Häufig gestellte Fragen
Was trainiert die 3-Bein-Chaturanga-Pose am meisten?
Sie trainiert hauptsächlich die Schulterstabilität, den Trizeps, die Brust und die Rumpfkontrolle, wobei das angehobene Bein und das Gesäß zusätzliche Anforderungen stellen.
Soll ich das angehobene Bein die ganze Zeit gestreckt halten?
Ja, wenn du das Becken gerade halten kannst. Ein gestrecktes, aktives Bein macht den Übergang sauberer, aber du kannst das Knie leicht beugen, wenn du mehr Kontrolle benötigst.
Wie hoch sollte das Bein in der dreibeinigen Position angehoben werden?
Hoch genug, um das Gesäß und die Beinrückseite zu spüren, aber nicht so hoch, dass dein unterer Rücken ins Hohlkreuz geht oder sich die Hüften verdrehen.
Wo sollten meine Hände während des Chaturanga-Teils sein?
Platziere sie unter oder knapp vor den Schultern und halte den Druck auf der gesamten Hand, damit die Handgelenke gestapelt und stabil bleiben.
Warum fühlen sich meine Schultern in dieser Pose zittrig an?
Der Übergang erfordert, dass die Schultern stabilisieren, während sich der Körper nach vorne bewegt und ein Bein angehoben ist. Zittrige Wiederholungen bedeuten meist, dass die Bewegung zu schnell oder der Bewegungsumfang zu groß ist.

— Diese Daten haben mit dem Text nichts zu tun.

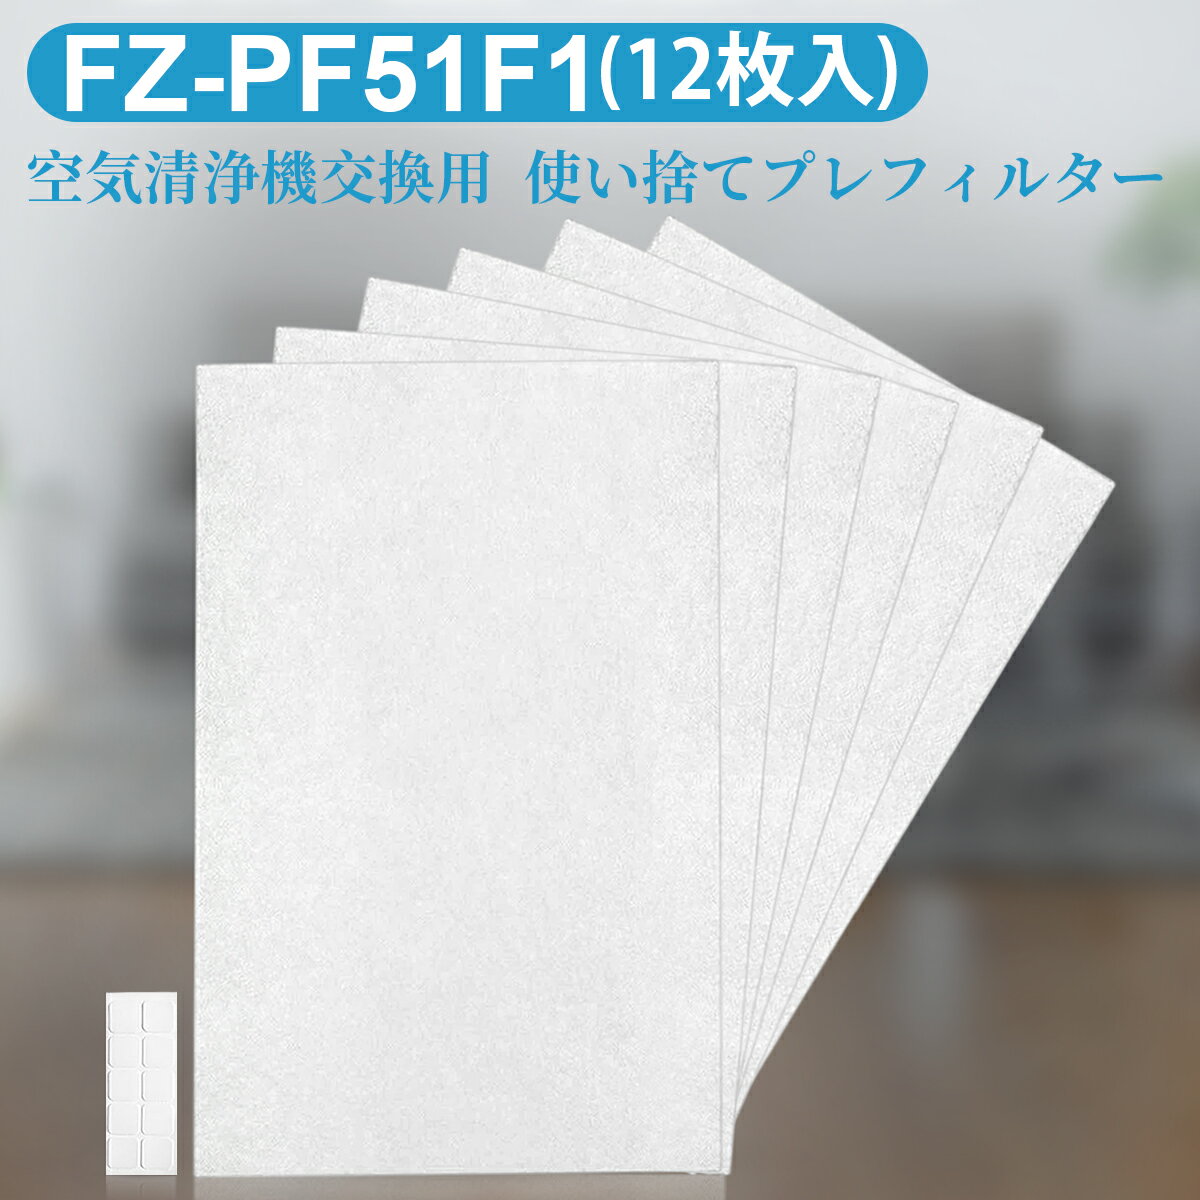 FZ-PF51F1 加湿空気清浄機用 使い捨てプレフィルター fz-pf51f1 シャープ 空気清浄機プレフィルター (12枚入り/互換品)
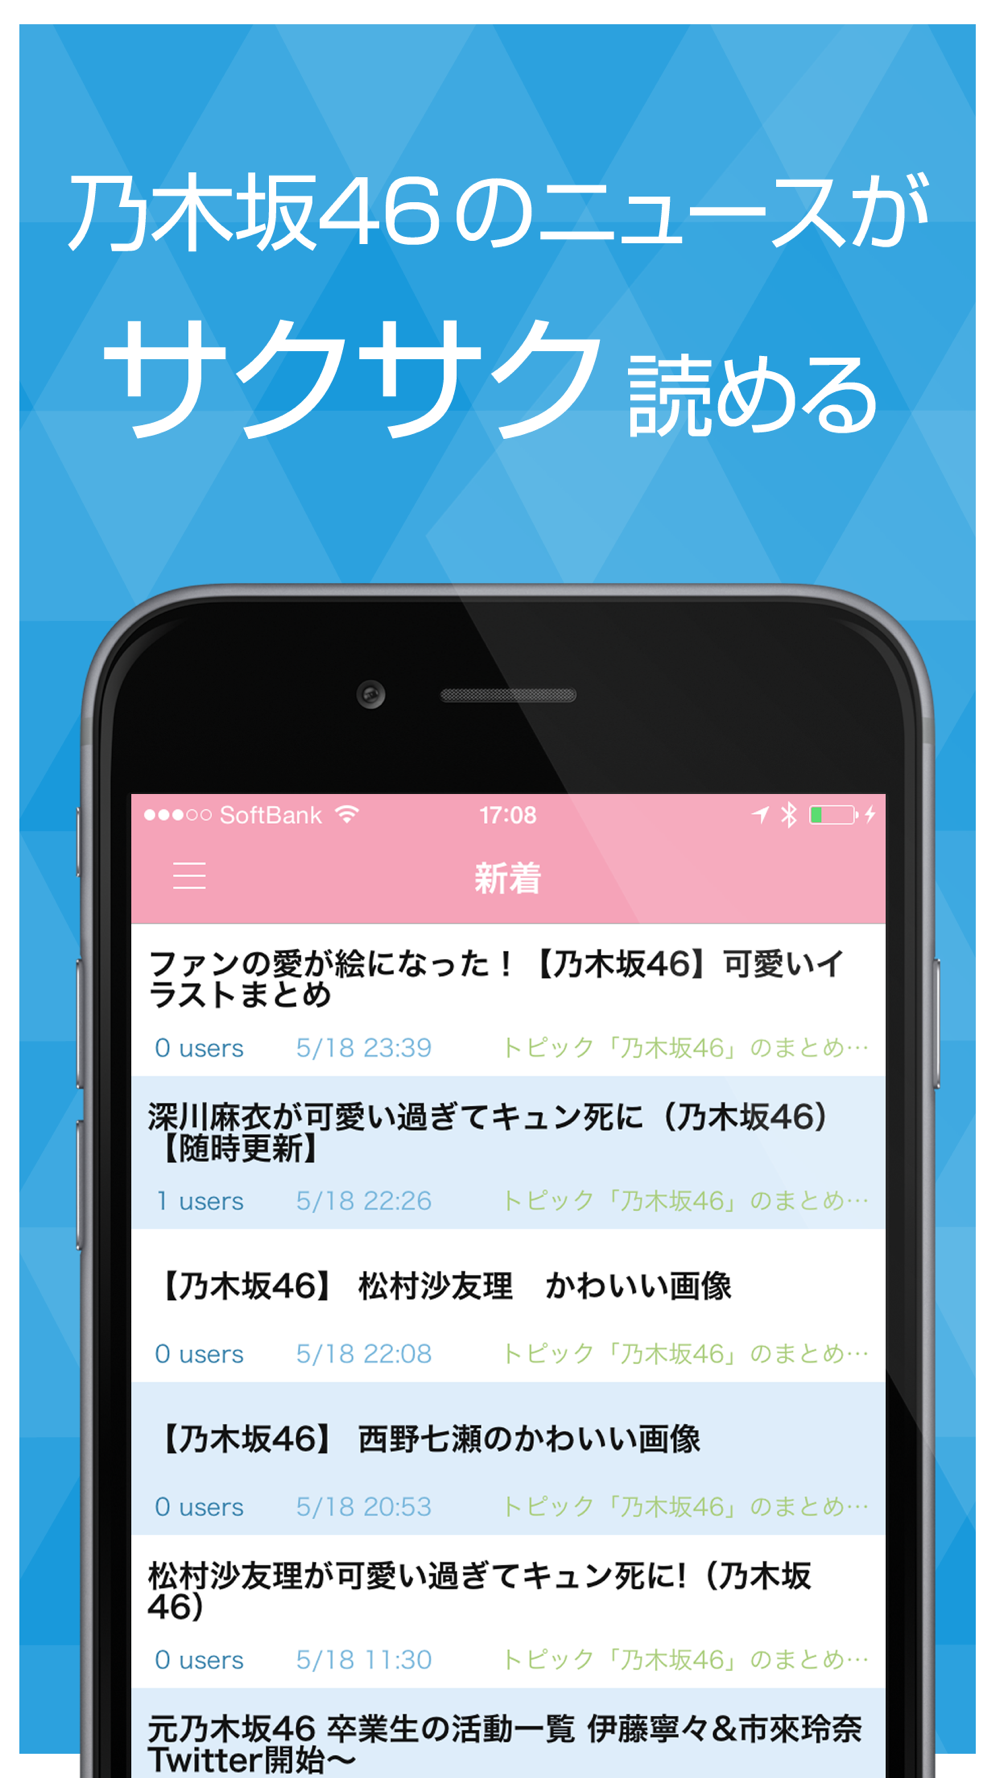 ニュースまとめ速報 For 乃木坂46 Free Download App For Iphone Steprimo Com

Können Anfänger diese Übung machen?
Ja, aber sie funktioniert am besten mit einem reduzierten Bewegungsumfang, einem tiefer angehobenen Bein oder einer Modifikation mit abgelegten Knien, bis sich die Planken- und Chaturanga-Positionen solide anfühlen.
Was ist der häufigste Fehler bei der 3-Bein-Chaturanga-Pose?
Die Rippen öffnen zu lassen und die Hüften zu verdrehen, während das Bein angehoben wird, was den Übergang in ein Schwingen statt in eine kontrollierte Bewegung verwandelt.
Sollte ich mich im Chaturanga ganz bis zum Boden absenken?
Nein. Stoppe, wenn die Oberarme etwa parallel zum Boden sind und sich die Schultern immer noch stabil und kontrolliert anfühlen.